Exercise
Copy the lines below, please, starting with the one that contains "Volkskammer (VK) der" and ending with the last. Pictures stay out.

Dataset extract

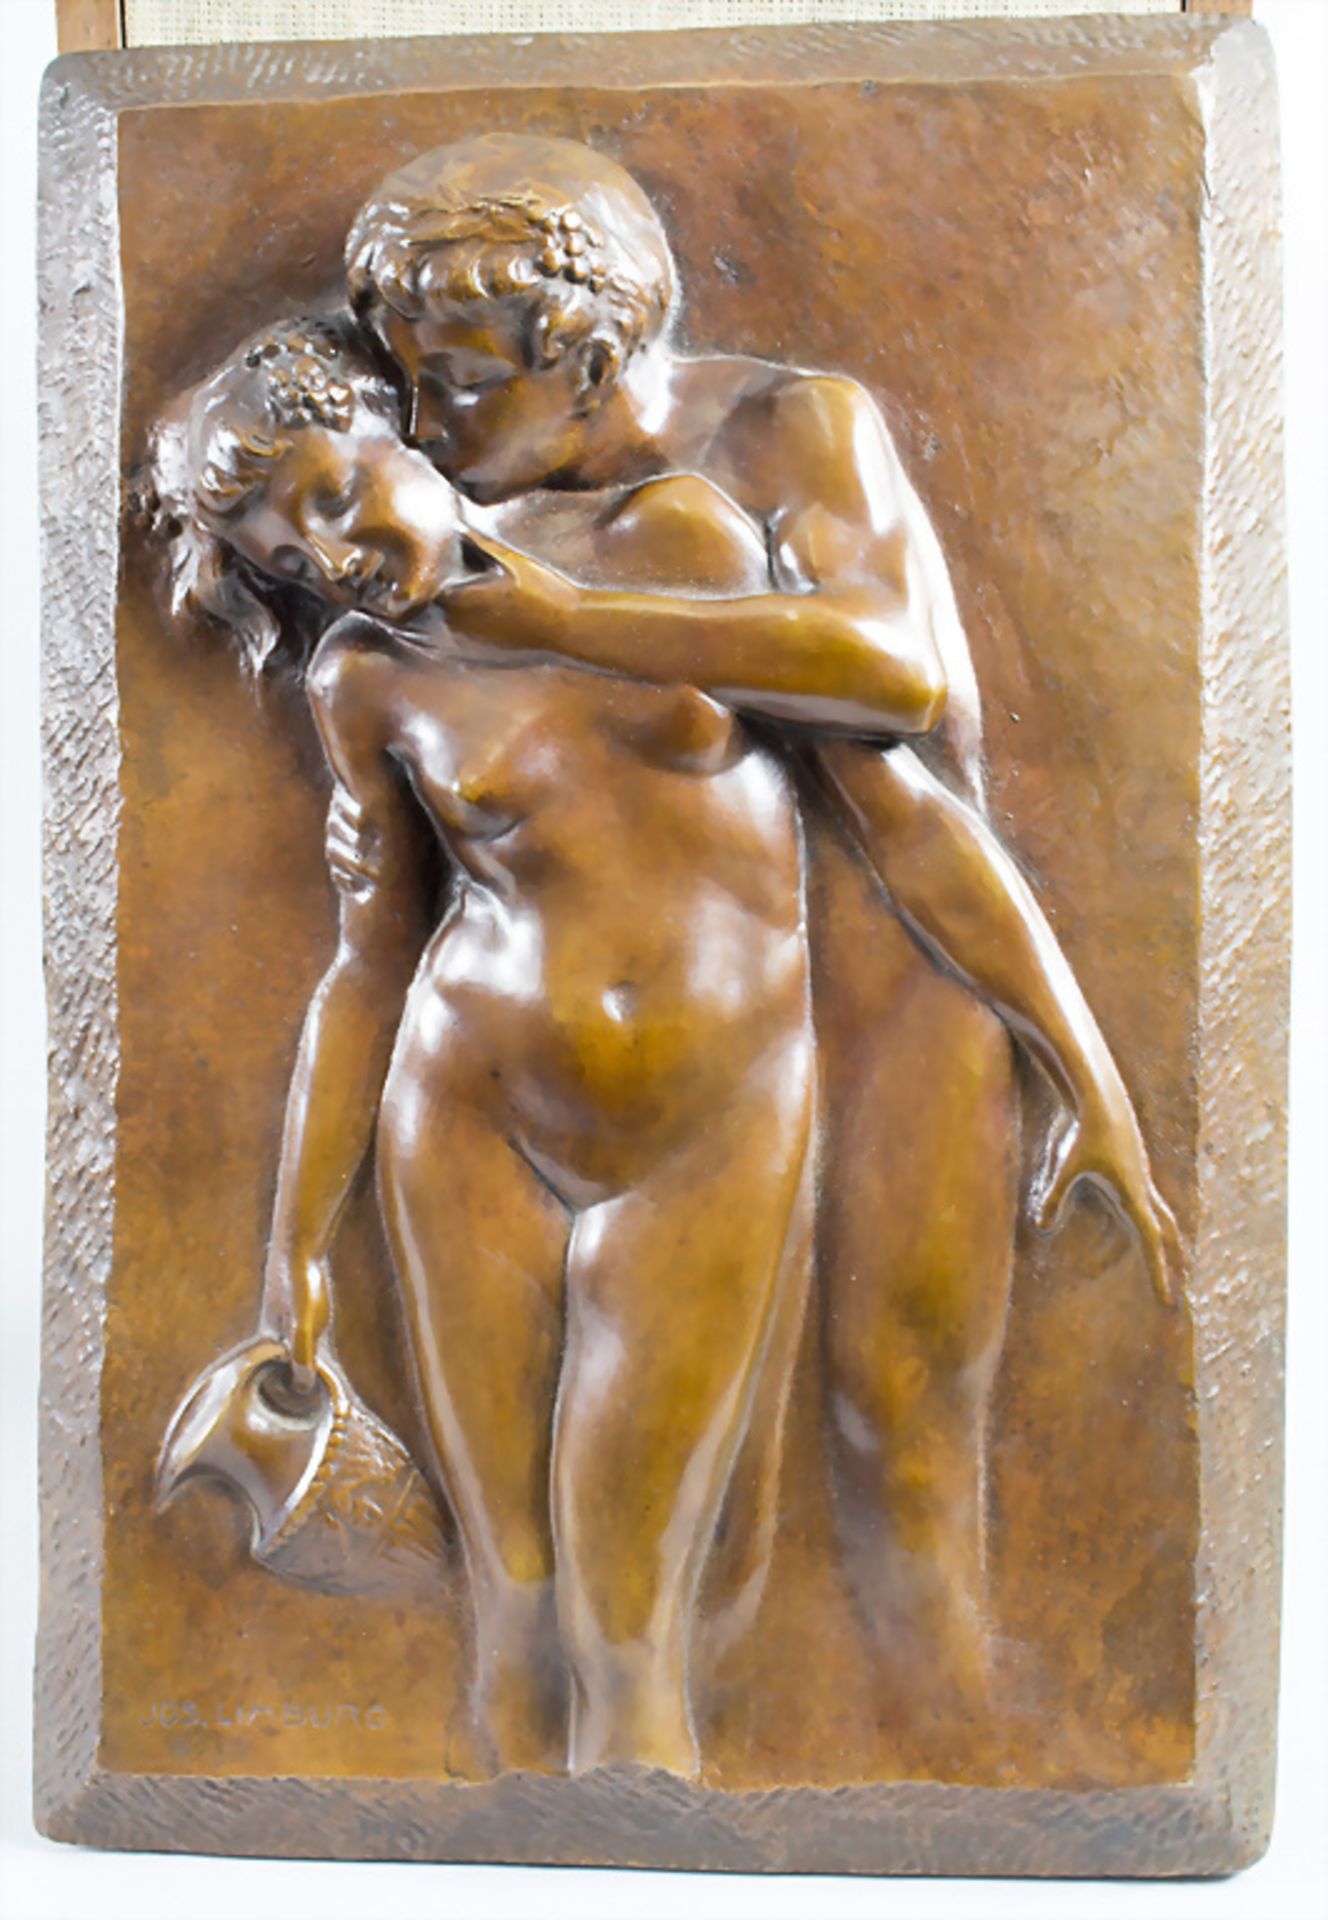 Josef LIMBURG (1874-1955), Jugendstil Bronzeplastik im Hochrelief 'Liebende', um 1910
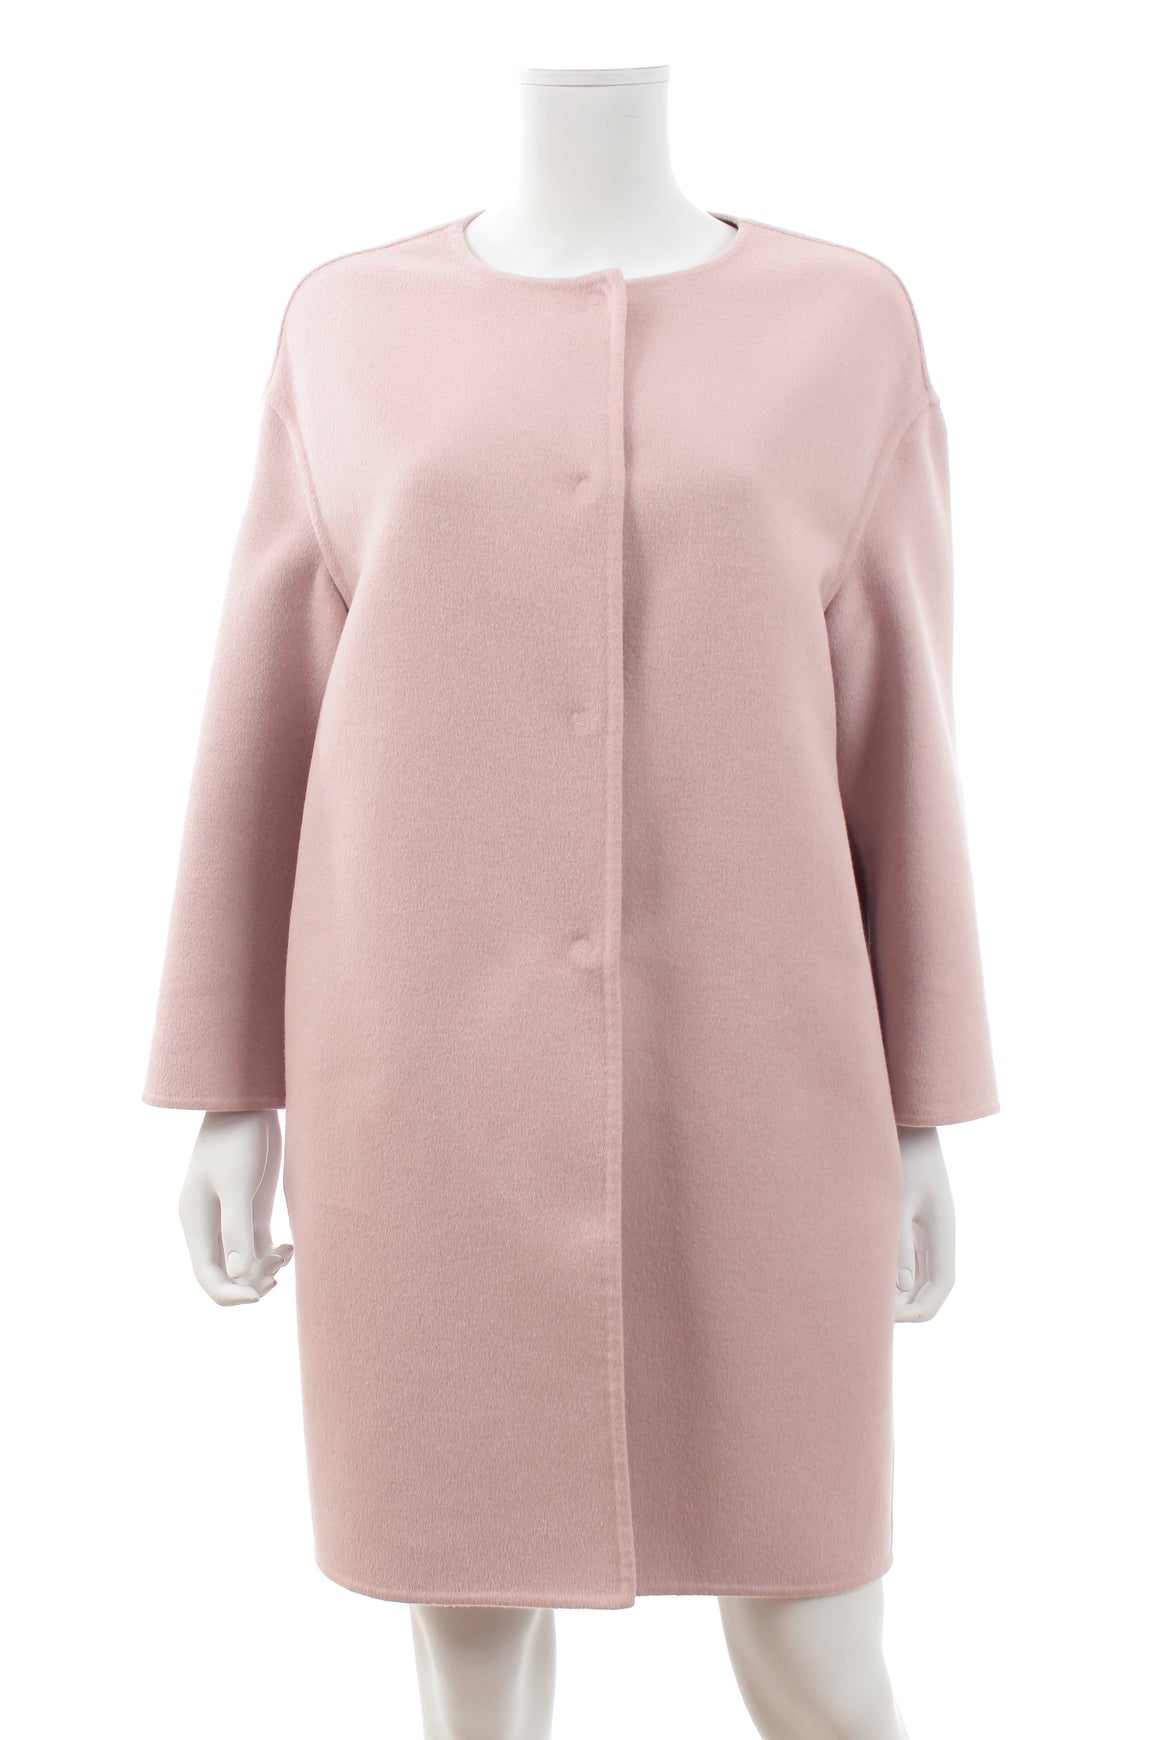 Prada Collarless Wool-Angora-Cashmere Coat
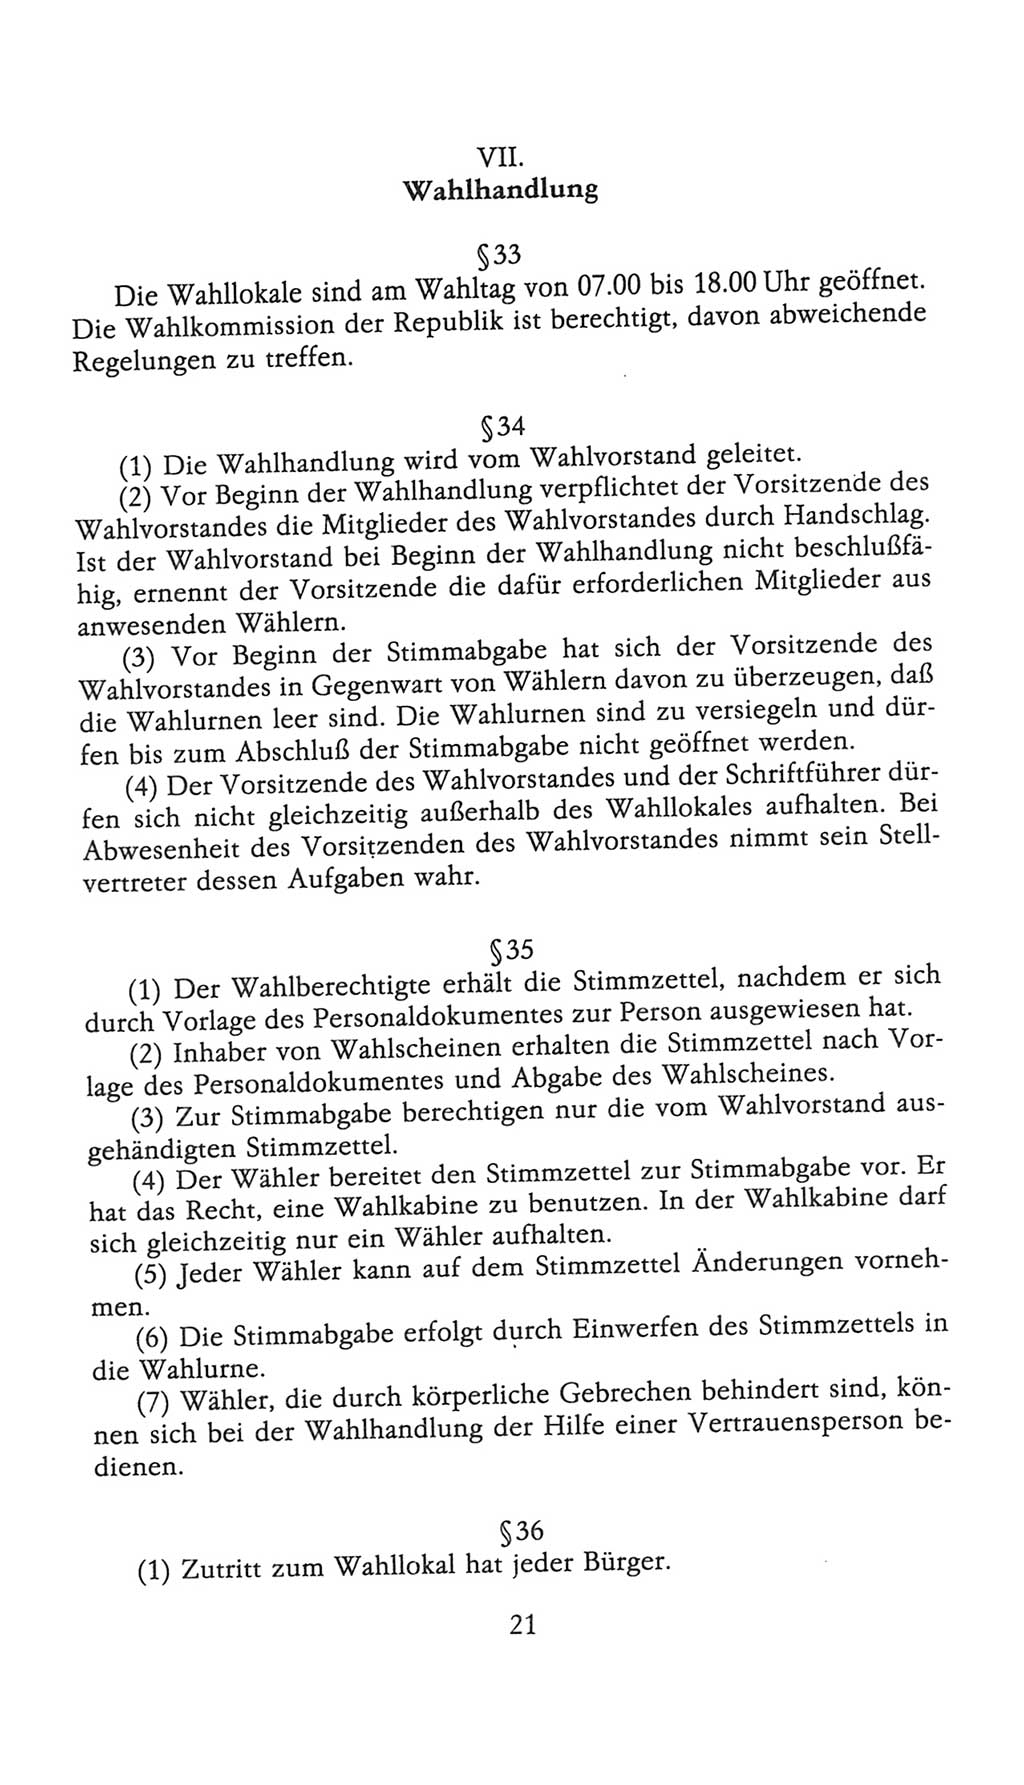 Volkskammer (VK) der Deutschen Demokratischen Republik (DDR), 9. Wahlperiode 1986-1990, Seite 21 (VK. DDR 9. WP. 1986-1990, S. 21)
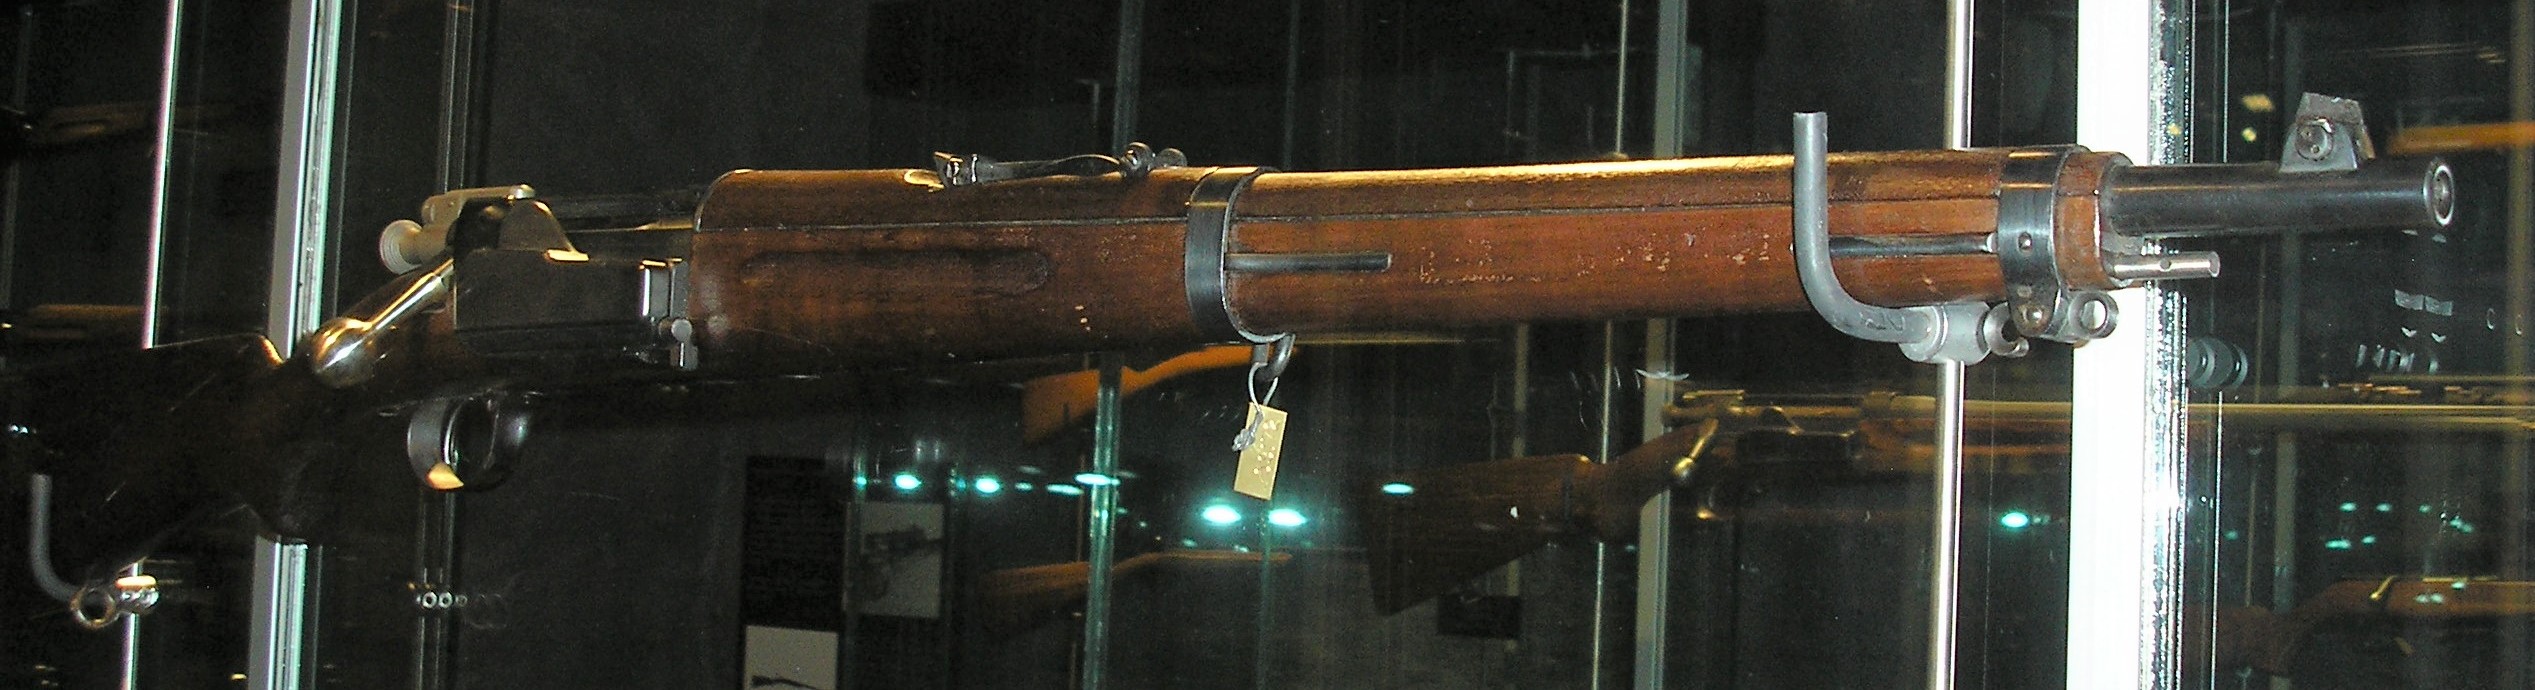 ./guns/rifle/bilder/Rifle-Kongsberg-Krag-M1907-MOD1-1.JPG

Exercise result
 Volkskammer (VK) der Deutschen Demokratischen Republik (DDR), 9. Wahlperiode 1986-1990, Seite 21 (VK. DDR 9. WP. 1986-1990, S. 21)
 ./guns/rifle/bilder/Rifle-Kongsberg-Krag-M1907-MOD1-1.JPG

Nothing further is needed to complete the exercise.